When Alan Feaster said goodbye to his 18-year-old son, Durrell, at the Preston training school run by the California Youth Authority, he never thought it would be for the last time. Just weeks later, in January, his son was dead, the victim of an apparent double suicide with his cellmate, acts of desperation that in all likelihood were connected to conditions our state has allowed to fester in its prisons for troubled youth.
Durrell's death may seem like an isolated incident, but the horrific conditions in the CYA are more the rule than the exception. As California policymakers struggle to reform our system of juvenile justice, they need to focus on systematic reforms, the kind that won't just paper over problems but would end the system's abuses once and for all.
Just a few weeks after the two boys' deaths, a panel of experts reported on the deplorable conditions at CYA facilities. They found excessive rates of violence; inadequate mental health care and educational services; overuse of isolation cells; and deplorable conditions, including feces spread all over some of the cells. Some boys were being forced to sit or stand in cages while attending classes, a "normal" situation in the state's Kafkaesque system.
Just as shocking as the litany of CYA abuses is the fact that institutions such as Preston Training School simply don't work. A growing body of research shows that young people incarcerated in large institutions get rearrested more frequently, and for more serious crimes than their counterparts with similar delinquency histories who are not incarcerated.

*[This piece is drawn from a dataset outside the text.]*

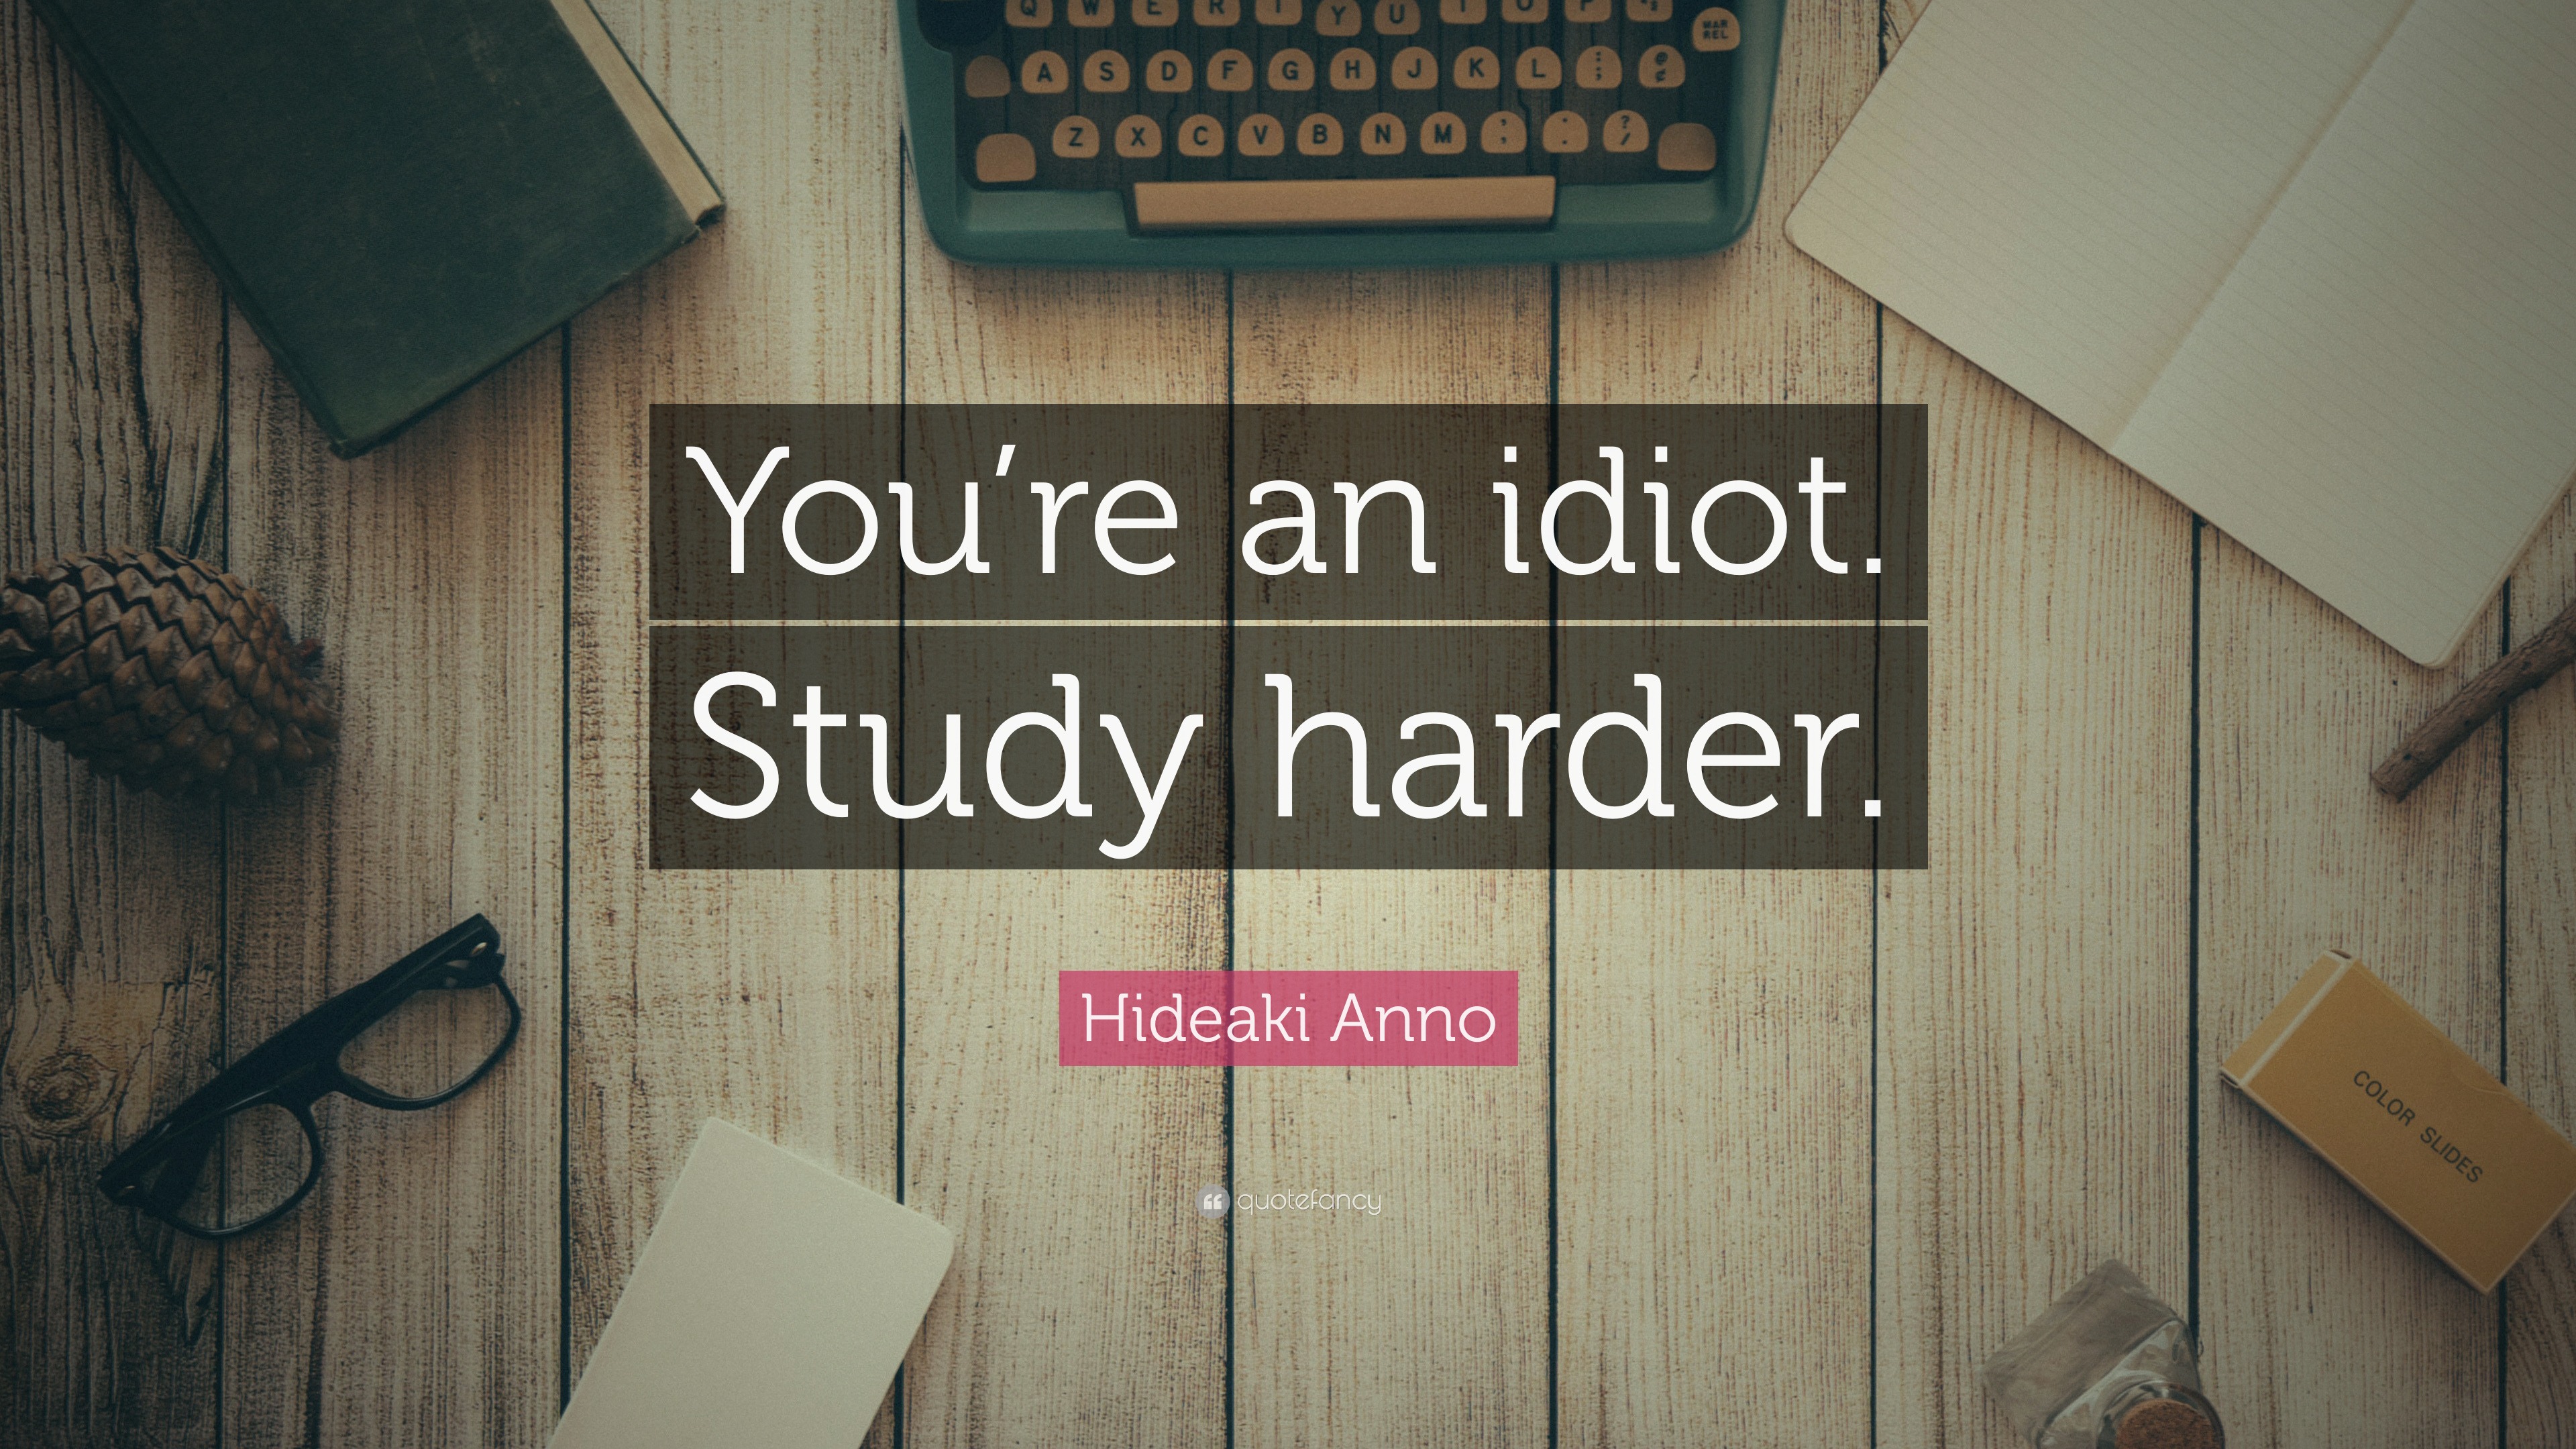 Hideaki Anno Quote: “You're an idiot. Study harder.”

For example, a study that compared matched samples of offenders in Arkansas found that the incarceration experience was the single greatest predictor of future criminal conduct, dwarfing the effects of gang membership or family dysfunction.
It's not surprising then, that more than nine out of 10 CYA "graduates" are back in trouble with the law within three years of their release. On top of that, the CYA system costs taxpayers a whopping $85,000 a year per youth. It seems likely that if the majority of CYA youths came from white, middle-class neighborhoods, the public would never stand for its failures and abuses.
Fortunately, there is a better way to respond to youth crime than by confining young people in dungeon-like prisons. Last week, a network of experts, advocates, concerned parents and young people issued a platform that Gov. Arnold Schwarzenegger, the Legislature and the governor's recently created Task Force on the California Youth Authority would do well to adopt.